Nella sua quieta esaltazione, Xabi evita per un soffio di scontrarsi con una donna incinta e poi quasi inciampa in una sedia a rotelle che qualche matto più distratto di lui ha lasciato proprio nel mezzo del viale dell’ospedale, ma non riesce, arrivato al parcheggio, ad evitare la disastrosa collisione con un uomo che, naturalmente, aveva con sé un caffé che, altrettanto naturalmente, si rovescia grandiosamente sull’asfalto.
«Oh, Dio, mi dispiace,» scatta Xabi, a mezza voce, un istante dopo, e si sta toccando la spalla, sopra il camice, nel punto in cui ha urtato con il tizio, ma non se ne rende conto davvero. «Mi dispiace, sono-- sono in piedi da trentadue ore e non ho proprio un’idea chiara di chi sono o dove mi trovo, perciò--»
«Ehi, Xabi, tranquillo, non è niente,» gli sorride l’uomo, ed è un sorriso dannatamente familiare, d’accordo? Tutto denti bianchi e perfetti e assurdamente attraente, e poi anche la voce, sì, Xabi conosce questa voce e, ah, ma certo, guarda, è David.
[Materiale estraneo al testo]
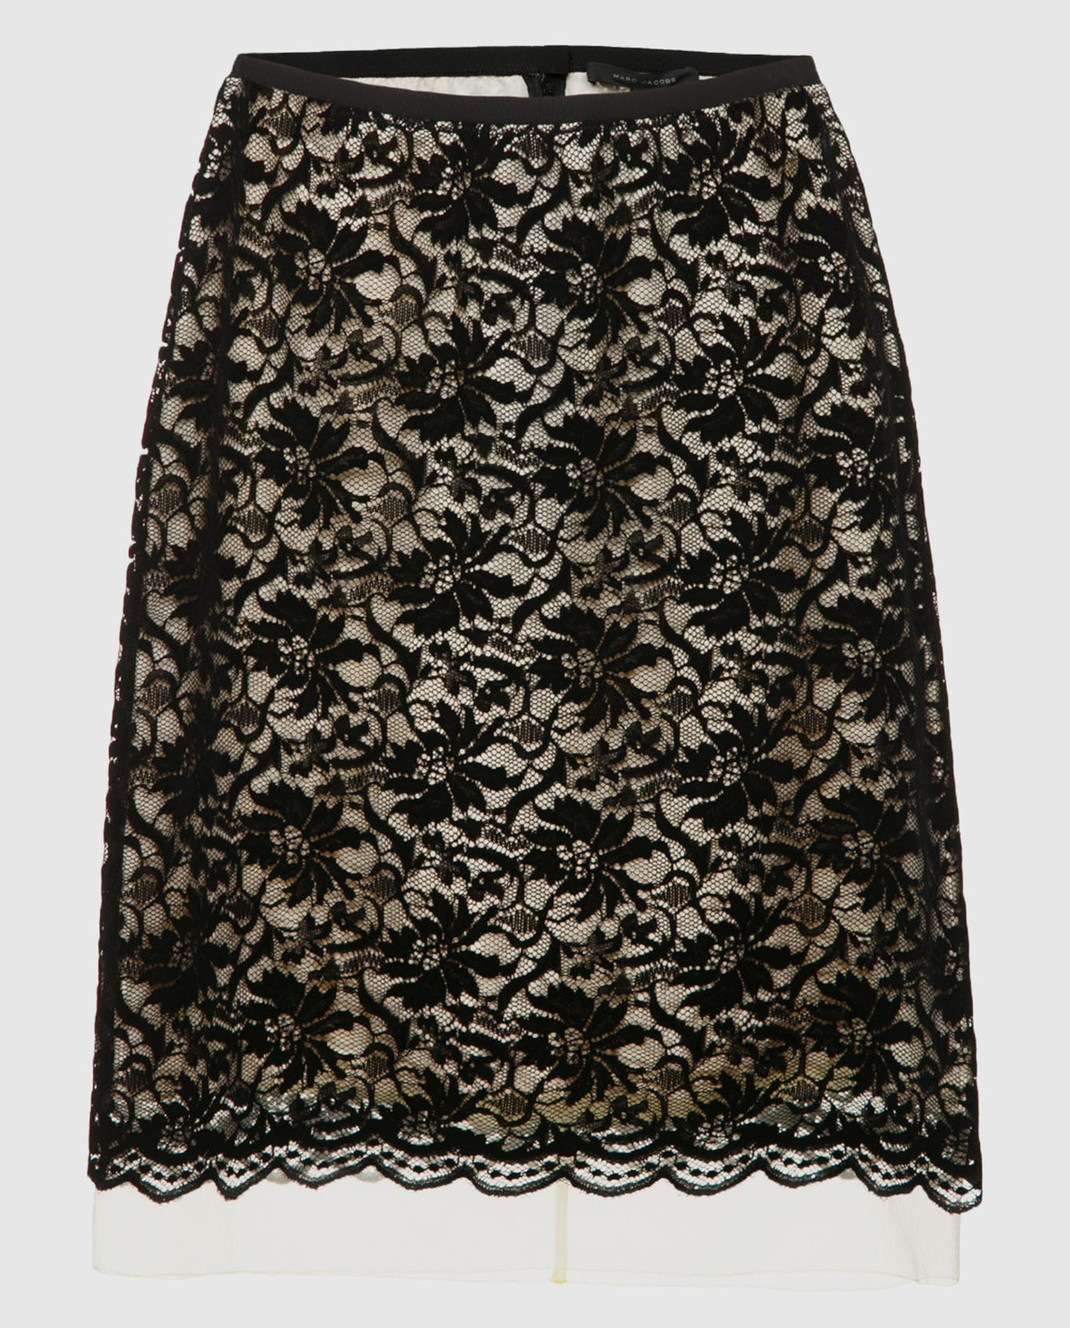 Marc Jacobs Золотистая юбка из кружева M4007156

«Becks,» brontola, rilassandosi subito, perché potrà anche aver ricevuto un’educazione impeccabile ed essere, effettivamente, l’eleganza su gambe, ma questo non gli impedisce di essere comunque un ragazzo timido per il quale è ancora incredibilmente spiacevole dover rivolgere la parola a persone pescate a caso. «Ehi. Ciao.»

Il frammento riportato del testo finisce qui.